The study is notable for its large sample size and groundbreaking findings, showing that the rate of having an incarcerated family member was much higher in the United States than previously estimated.

“The data show that 45 percent of Americans have ever had an immediate family member incarcerated,” the study says. “The incarceration of an immediate family member was most prevalent for blacks (63 percent) but common for whites (42 percent) and Hispanics (48 percent) as well. College graduates had a lower risk of having a family member incarcerated, but the risk for black college graduates was comparatively high. The most common form of family member incarceration was the incarceration of a sibling.”

The overall rate of Americans who have had an immediate family member behind bars, 45 percent, is remarkably high but not quite a “majority” and far from a “vast majority.”

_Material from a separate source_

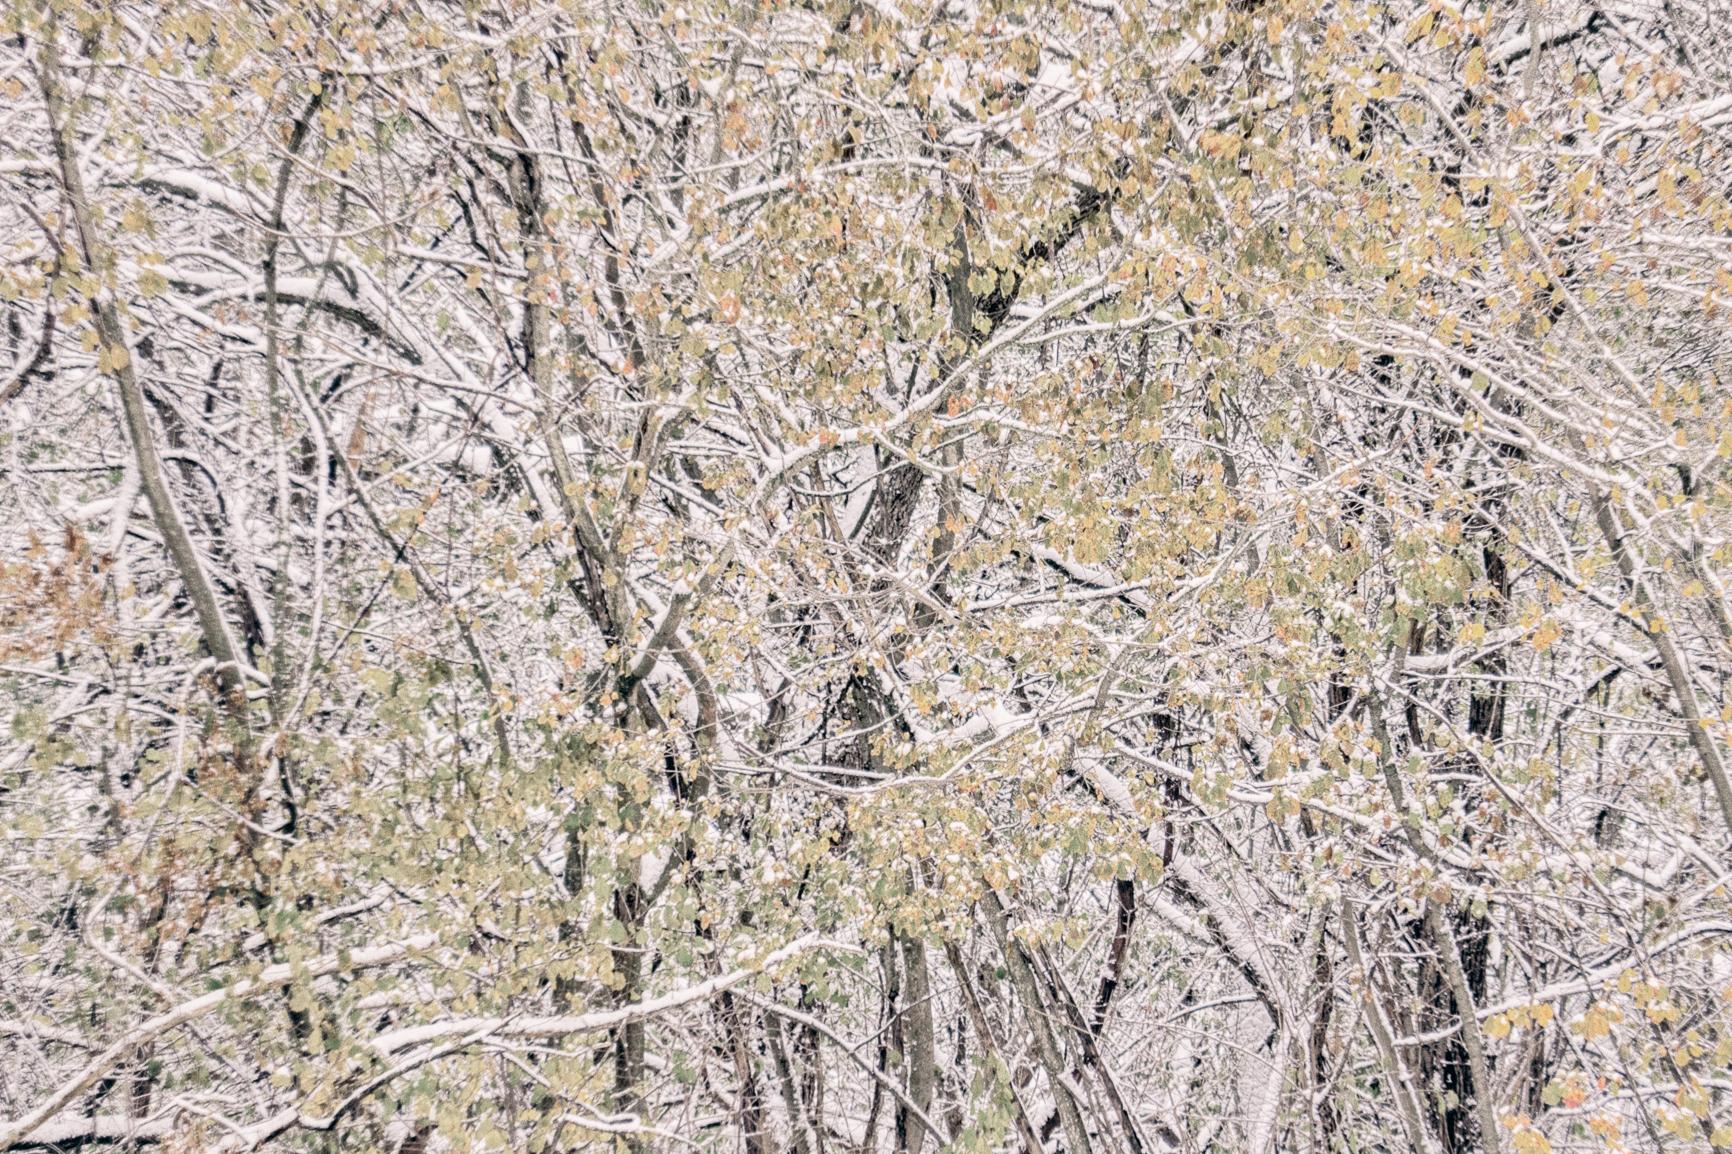 Winter Abstract No. 3

As The Washington Post summarized it when the Cornell study was released: “Nearly 1 in 2 adults in the United States has seen an immediate family member go to jail or prison for at least one night. … One in 7 adults [14 percent] has had an immediate family member behind bars for at least a year; for 1 in 34 adults [3 percent] that relative has been behind bars a decade or longer.”

A national poll from 2015 produced lower estimates, although the sample size was about half as large and the comparison is not apples-to-apples. “A majority of African-Americans say they or a close friend or family member have been incarcerated (55%), significantly higher than the share among whites (36%) or Hispanics (39%),” according to the CNN and Kaiser Family Foundation survey of 1,951 adults. Note that this poll asked about close friends and not just family members.

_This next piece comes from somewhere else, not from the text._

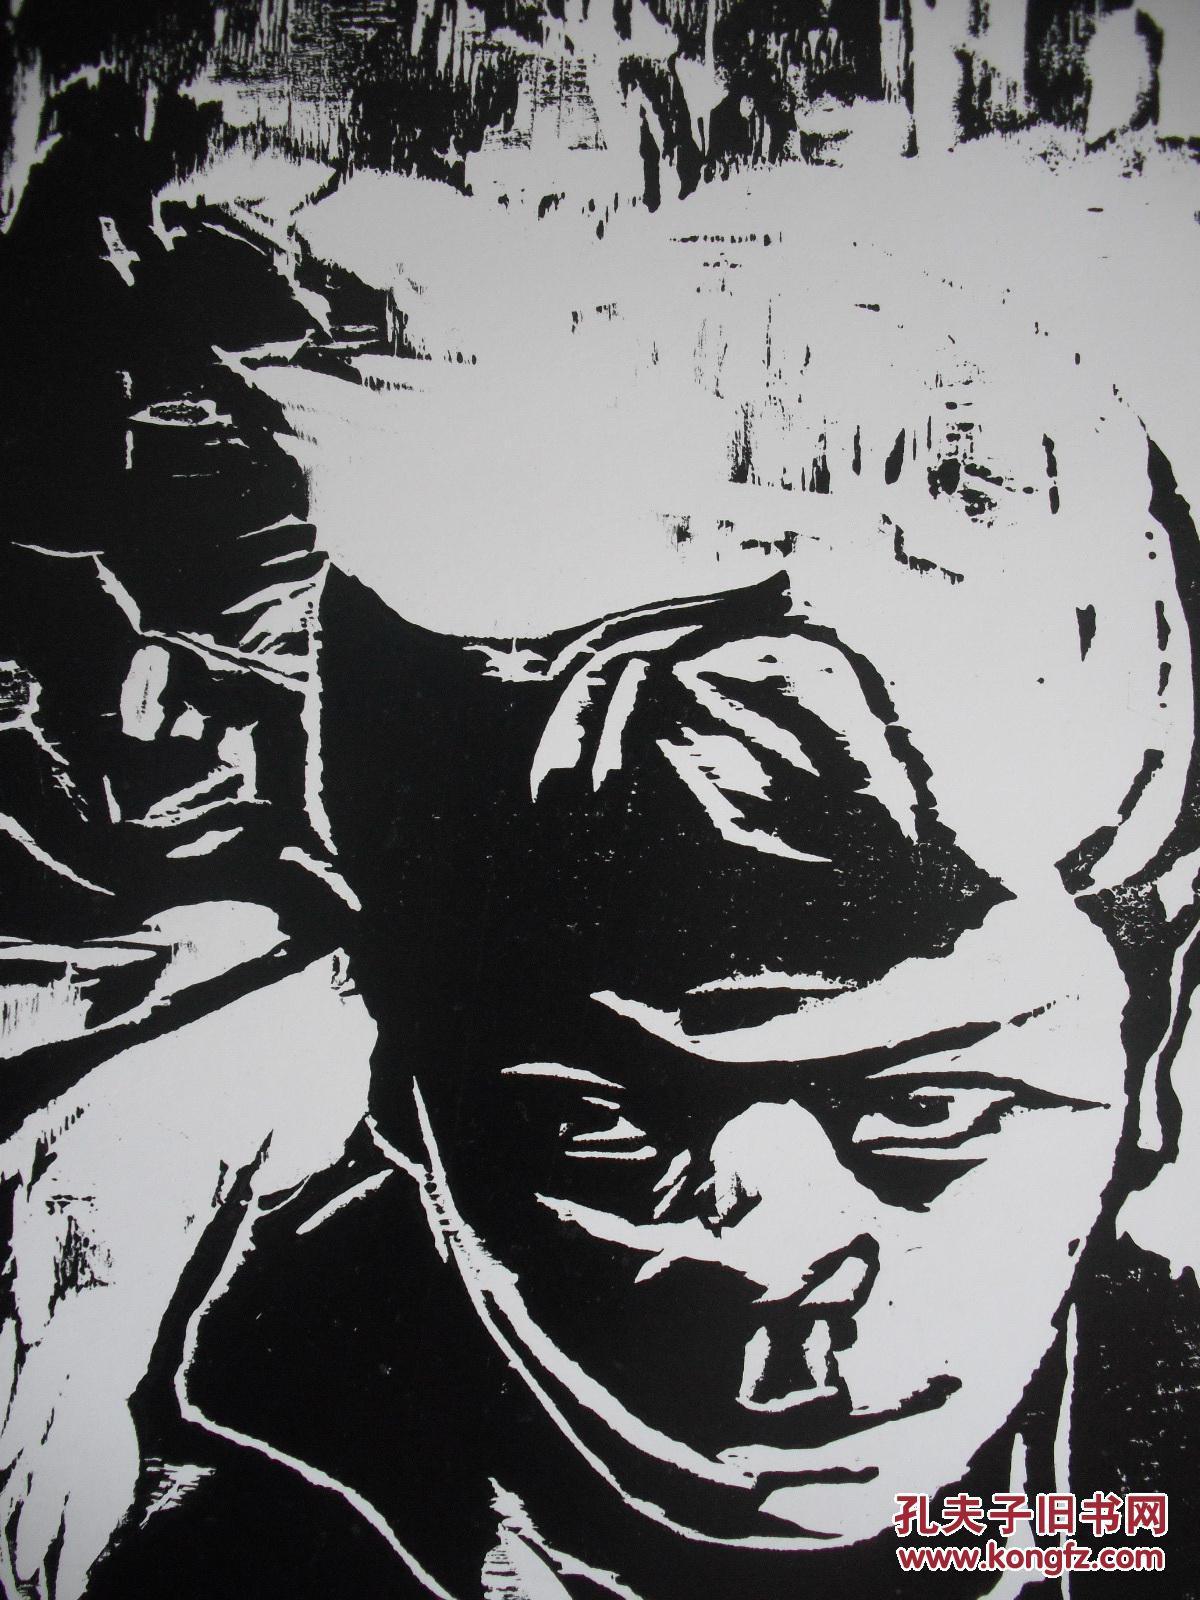 黑白木刻版画人物头像
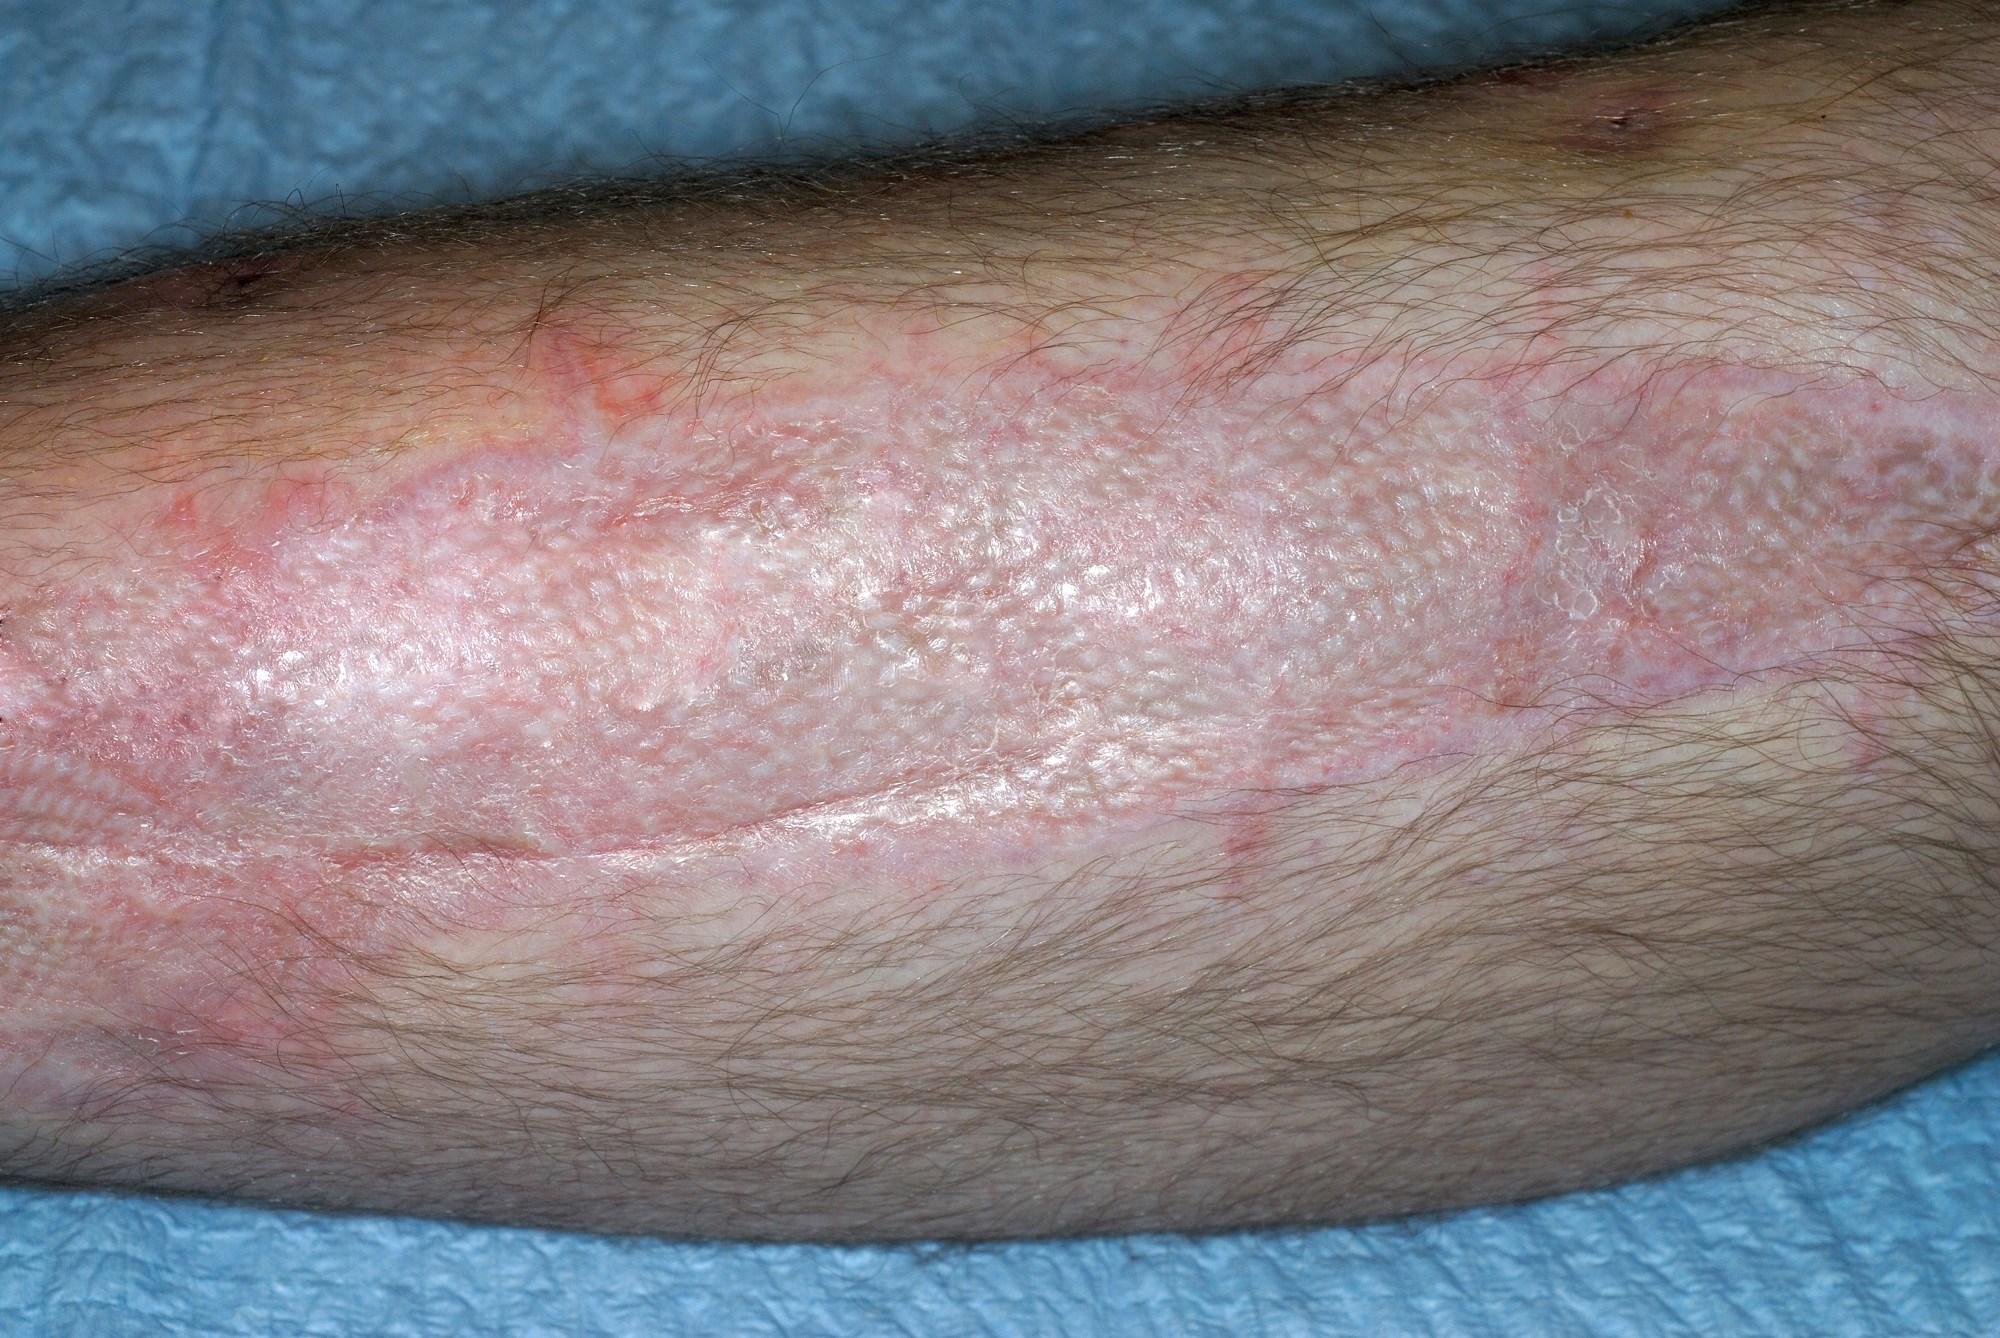 Fractional CO2-Laser Resurfacing Improves Appearance of Skin Grafts

Rachel Marshall, a spokeswoman for Boudin, said “the DA was referring to a study by criminal justice non-profit FWD.us and Cornell University that found that 64% of U.S. adults have had an immediate or extended family member spend time in jail or prison and described the situation nationwide as an ‘incarceration crisis.’”

Marshall is combining “immediate” and “extended” family members to get to 64 percent. Boudin referred only to immediate family on PBS, and the rate for that group is 45 percent.

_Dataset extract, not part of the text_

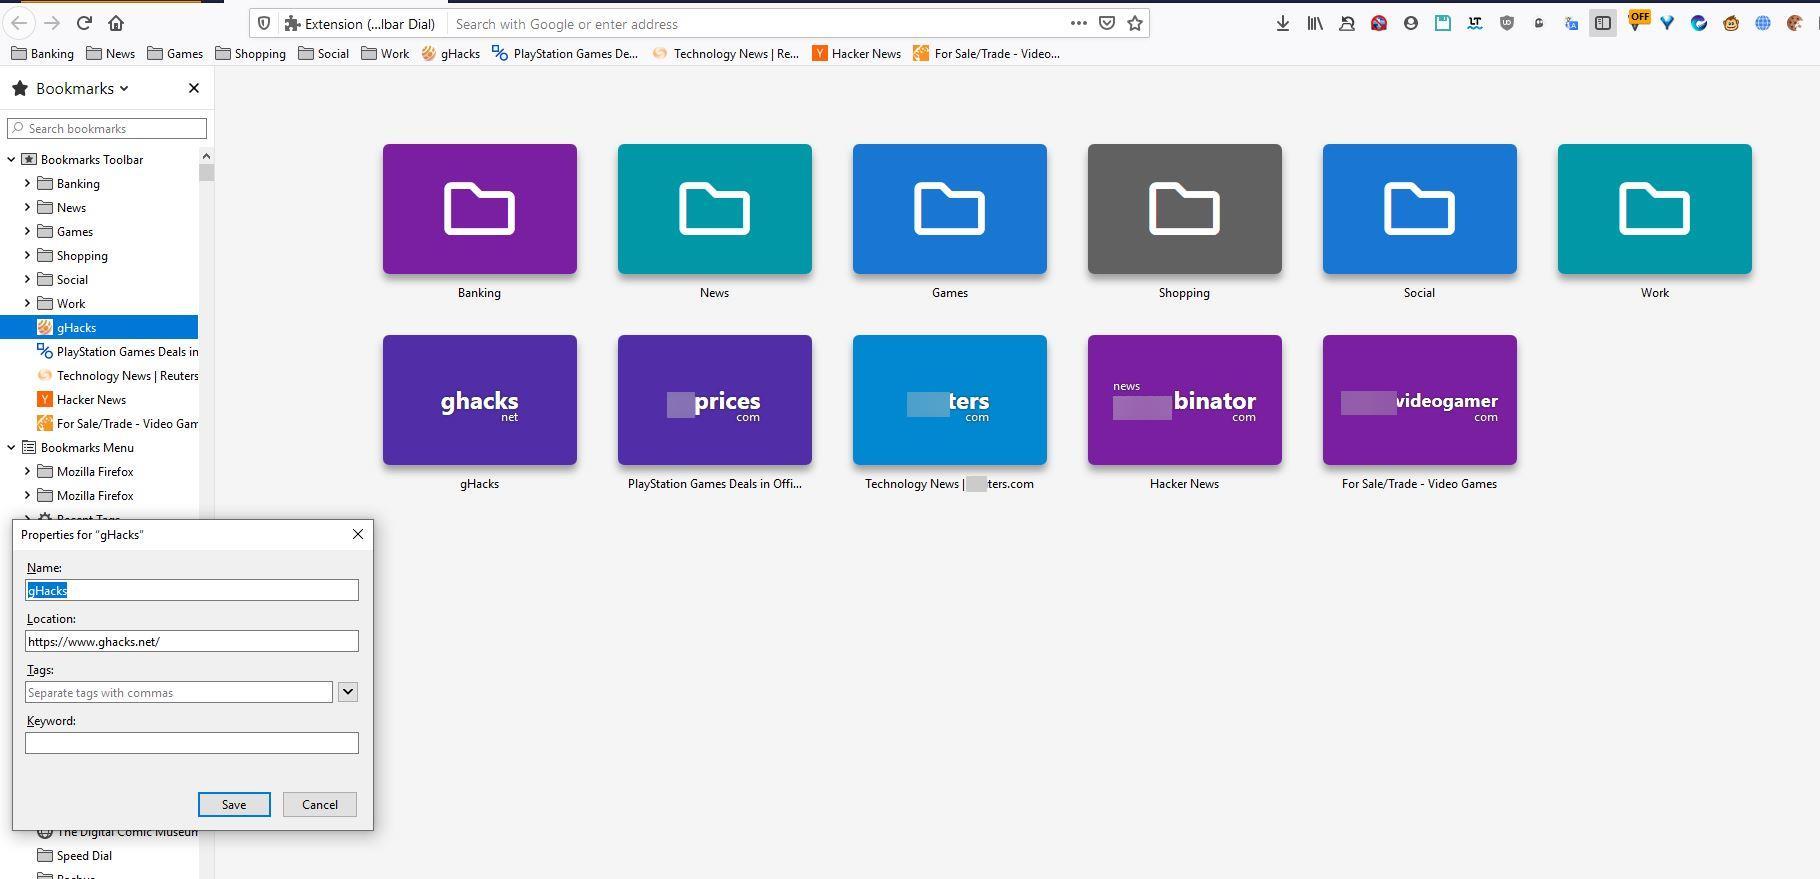 Marcación de la barra de herramientas de Firefox y Chrome

It’s a subtle but important difference. For children, having an incarcerated parent or sibling would disrupt family life perhaps much more than having an extended relative (say, an uncle) in prison.

Researchers defined immediate family in their study as “parents; brothers; sisters; children; and your current spouse, current romantic partner, or anyone else you have had a child with” and “step, foster, and adoptive family members.” They defined extended relatives as “family members you feel close with,” including “grandparents, grandchildren, cousins, aunts and uncles, nieces and nephews, godparents, mothers-in-law and fathers-in-law, sisters-in-law and brothers-in-law, and other family members.”

We asked Enns to weigh in, and he was careful to distinguish both groups in his email response: “You are correct that our research found that close to half (45%) of adults have had an immediate family member who spent at least a night in prison or jail at some point in the family member’s life. 64% have had an immediate or extended family member who spent at least a night in prison or jail at some point.”

Asked about the flub in Boudin’s PBS interview, Marshall pointed to the headline of a Forbes article — “Over Half Of Americans Have Had A Family Member Incarcerated” — and said “that is how the study was covered.”

The article itself makes clear that the 64 percent figure applies to “immediate or extended” family.

The Pinocchio Test

Boudin said the “majority” or “vast majority” of Americans currently have or previously had an “immediate family member” behind bars.

The study he was citing backs him up to an extent — it found the rate was 45 percent overall, and 63 percent for Black Americans — but it’s just shy of a majority of Americans.

However, the researchers also asked about extended “family members you feel close with.” When including those relatives, 64 percent of Americans, or nearly two-thirds, have had family in jail or prison.

It’s always a good idea for policymakers to read the underlying research, so errors like this can be avoided. For a light stretching of the facts, Boudin gets One Pinocchio.